Diese Umorientierung fällt insbesondere im mittleren Stück aus op. 11 ins Auge, das gleichzeitig eine Vielzahl „traditioneller“ Formelemente aufgreift, was das Erfassen der Struktur erleichtert. Dazu zählt die im Terzabstand wie ein Ostinato mäandernde Bassbewegung ebenso wie die prägnante Figur aus vier Akkorden im vierten Takt, aus denen Schönberg konsequent alle weiteren Motive ableitet. Leise Töne bis hin zum vierfachen Pianissimo herrschen vor, ein Ausbruch mit mächtigen Trillerketten in gleichsam bester pianistischer Manier zeigt jedoch, dass die spätromantische Attitüde noch nicht vollständig abgelegt ist. Einen unüberhörbaren Schritt weiter geht Schönberg dann im letzten Stück von op. 11, das trotz seiner nur zweiminütigen Spieldauer ein Maximum an motivischen Fragmenten, an Dynamik und Ausdrucksformen zusammenzwingt.

Zwei Jahre später wendet sich der Komponist erneut dem Klavier zu – und vollzieht in den Sechs kleinen Klavierstücken op. 19 eine demonstrative Kehrtwendung. Auch wenn die Dissonanz als Grundprinzip nunmehr zur Regel wird: Jede expressive Äußerlichkeit kehrt sich bewusst nach innen, Reduktion und Konzentration sorgen dafür, dass der Umfang der sechs Miniaturen zwischen gerade einmal neun und 17 Takten liegt. Und dennoch ist das Klangspektrum erstaunlich groß. „Psychogramme des Unbewussten“ hat der Berliner Kritiker und Schönberg-Biograph Hans Heinz Stuckenschmidt diese Kompositionen zurecht genannt.

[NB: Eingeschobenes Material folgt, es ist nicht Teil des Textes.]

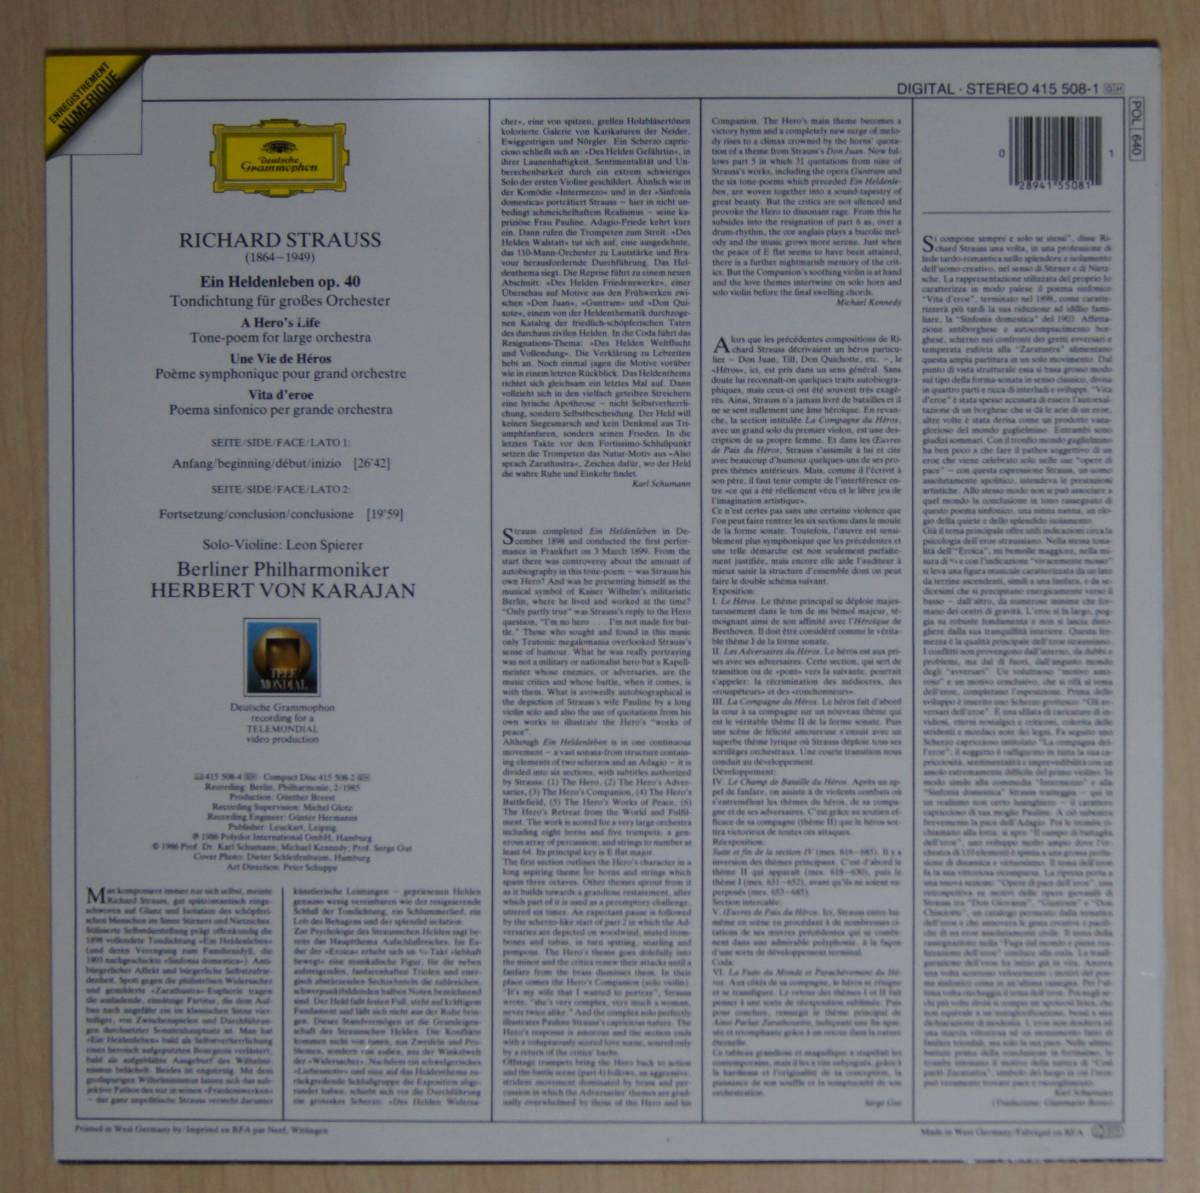  hell belt * phone *kalayan| Berlin * Phil [ Germany *glamo phone Karajan digital recording ]R.shu tiger light | reverberation poetry [ hero. raw .]

Erinnert das erste (und umfangreichste) der sechs Stücke im Duktus noch am ehesten an op. 11, ist das zweite – kaum weniger konsequent als bei Brahms – ganz allein auf das Terz-Intervall konzentriert. Nummer 3 spielt mit dem Gegensatz zwischen ForteAkkorden in der rechten und Pianissimo-Oktaven in der linken Hand. Das vierte Stück überrascht durch die schroffe Konfrontation von zartem Beginn und „Martellato“-Attacken in den letzten Takten. In Nummer 5 wird die zarte Stimmung bis zum Ende durchgehalten. Einen Sonderstatus nimmt das mehrere Monate nach den übrigen entstandene Schlussstück ein, das in der Aneinanderreihung leisester Akkorde an den Grenzen zur akustischen Auflösung steht. Den biographischen Hintergrund dazu bildet der Tod Gustav Mahlers im Juni 1911, dem Schönberg hier ein fast klangloses Epitaph widmete. Die Uraufführung von op. 19 fand in Berlin statt: Am 4. Februar 1912 erklang das Werk erstmals im Harmonium-Saal im Stadtteil Tiergarten, zusammen mit den Orchesterstücken op. 16 in einer Fassung für zwei Klaviere.